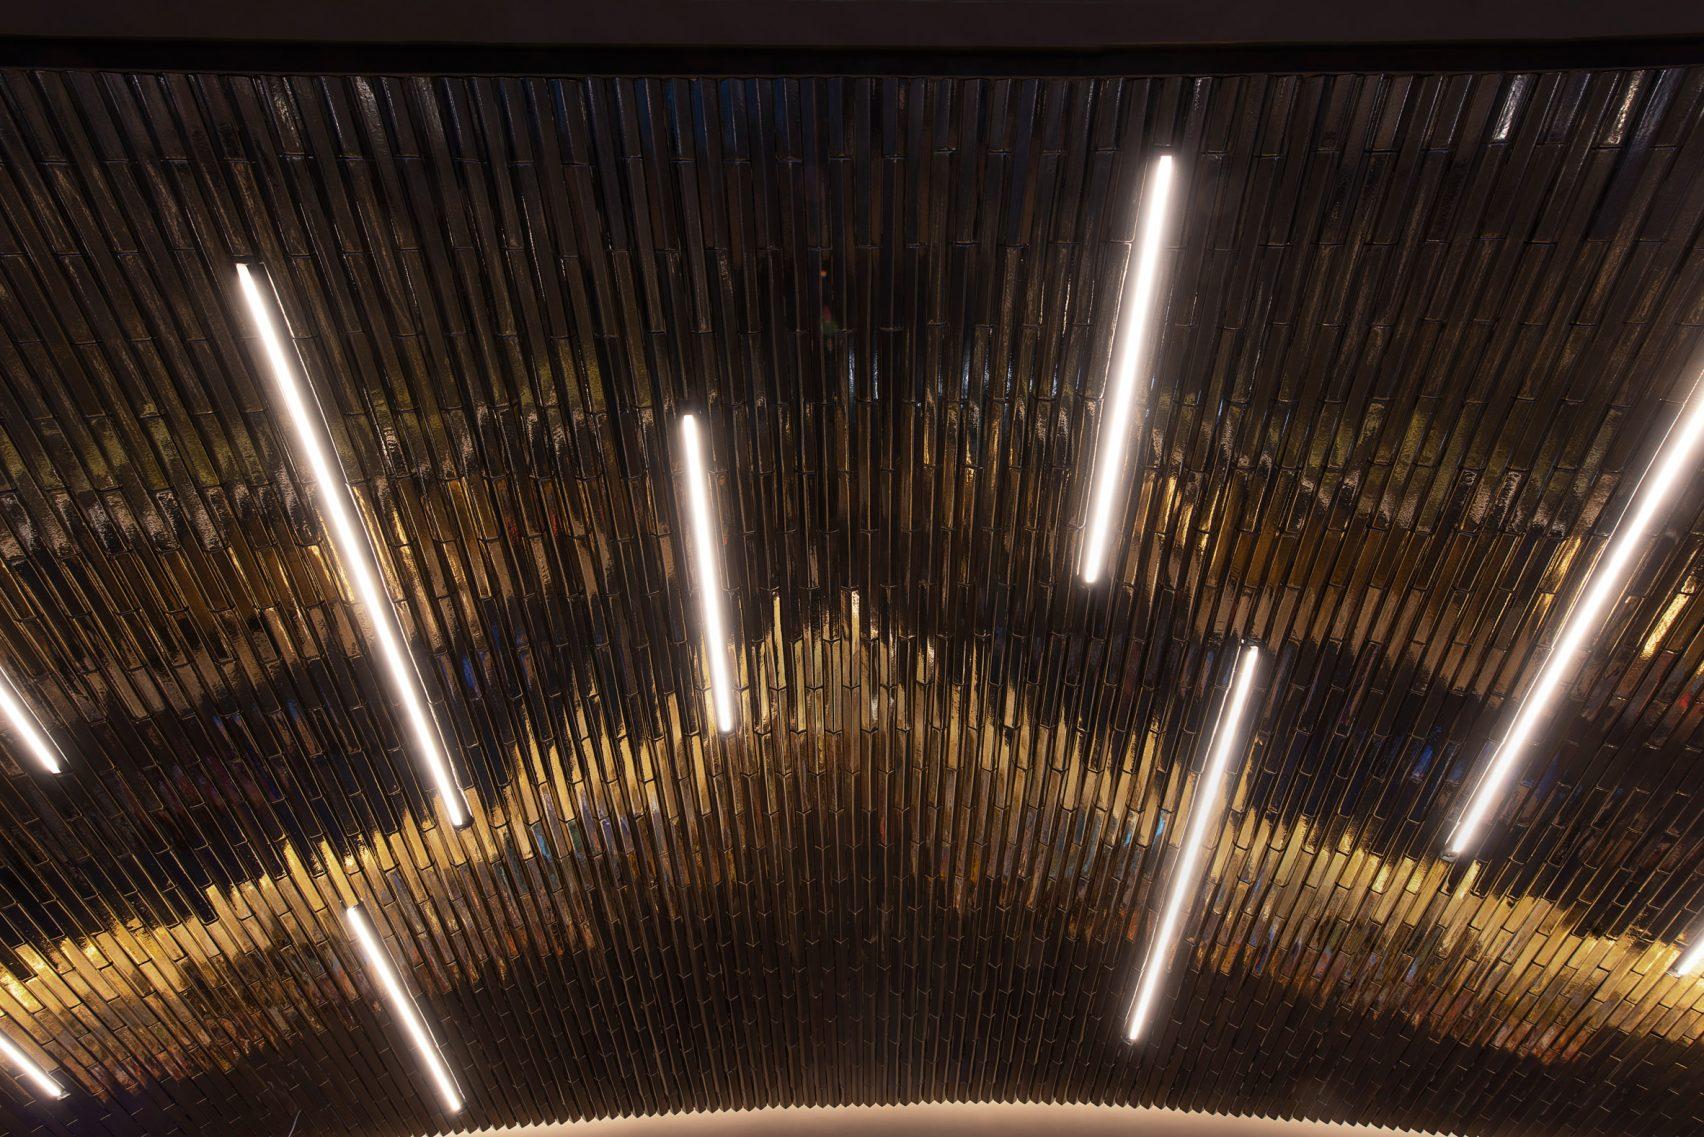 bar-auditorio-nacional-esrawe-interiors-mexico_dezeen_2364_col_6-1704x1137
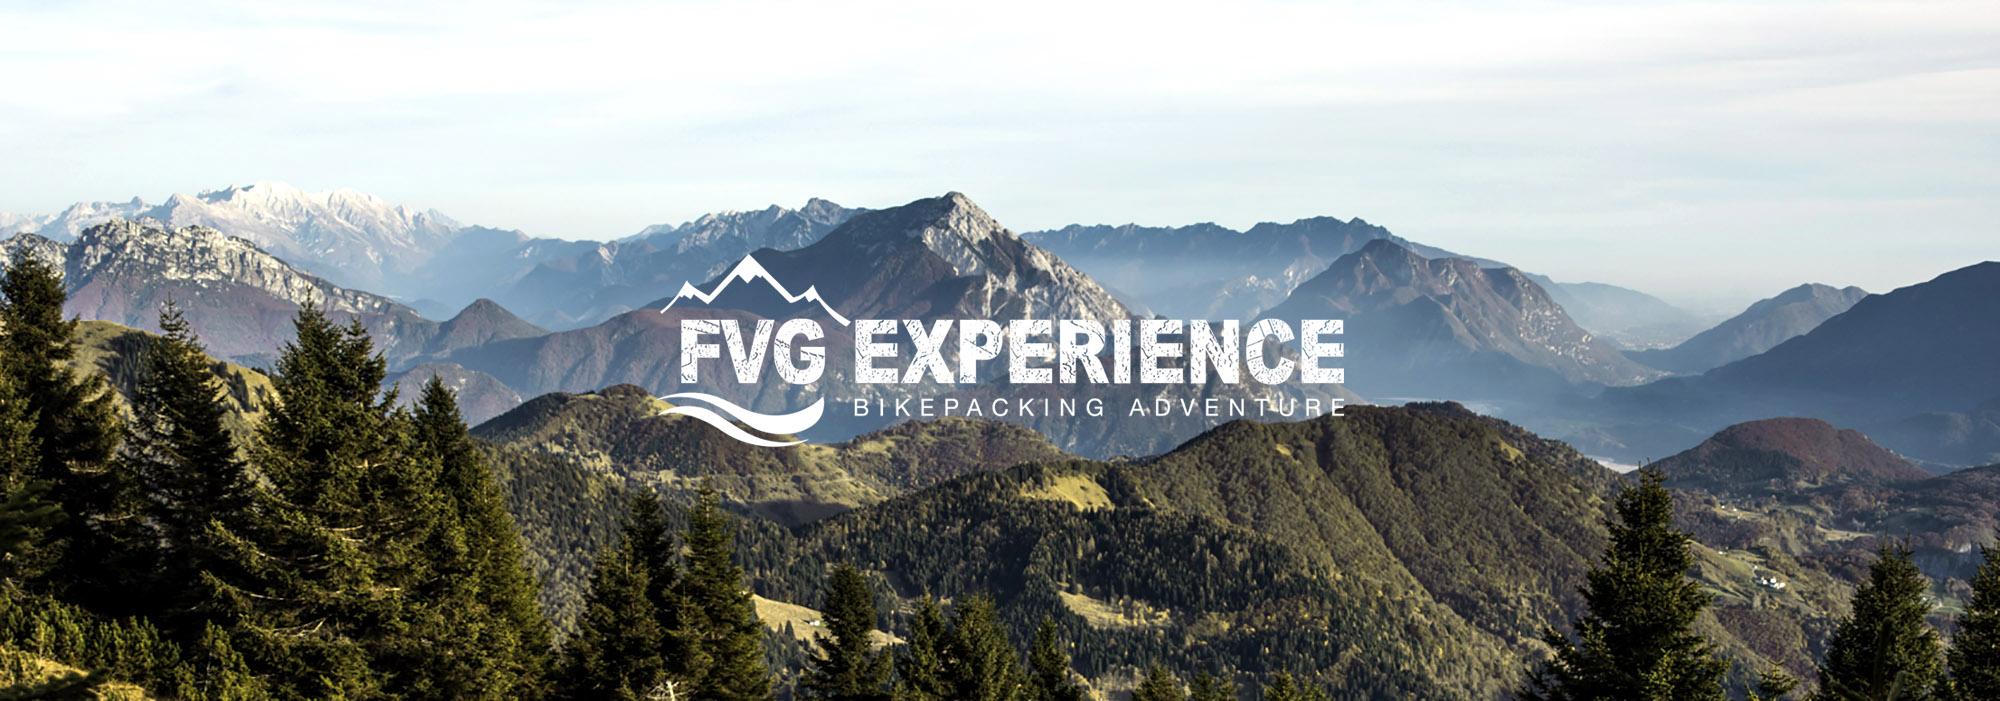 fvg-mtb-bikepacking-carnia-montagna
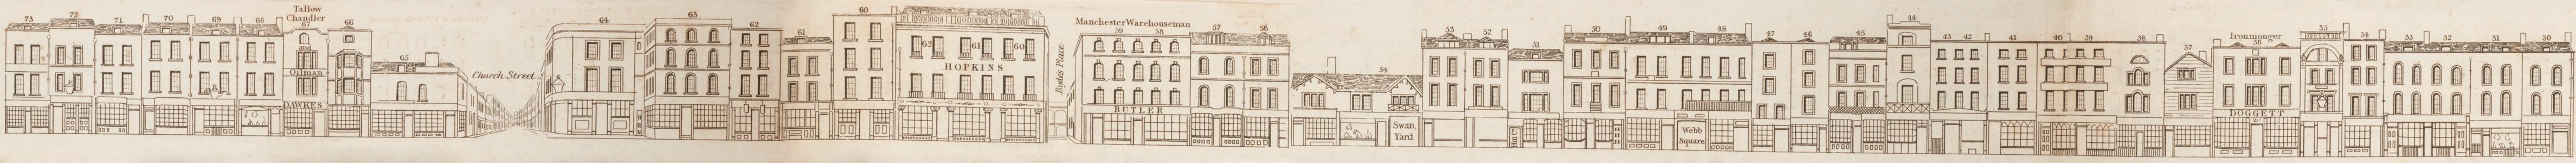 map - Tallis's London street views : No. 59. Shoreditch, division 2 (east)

[What the exercise asks] Every line above is to be returned exactly, with its pictures removed.

[Answer box]
 bar-auditorio-nacional-esrawe-interiors-mexico_dezeen_2364_col_6-1704x1137
 fvg-mtb-bikepacking-carnia-montagna
 map - Tallis's London street views : No. 59. Shoreditch, division 2 (east)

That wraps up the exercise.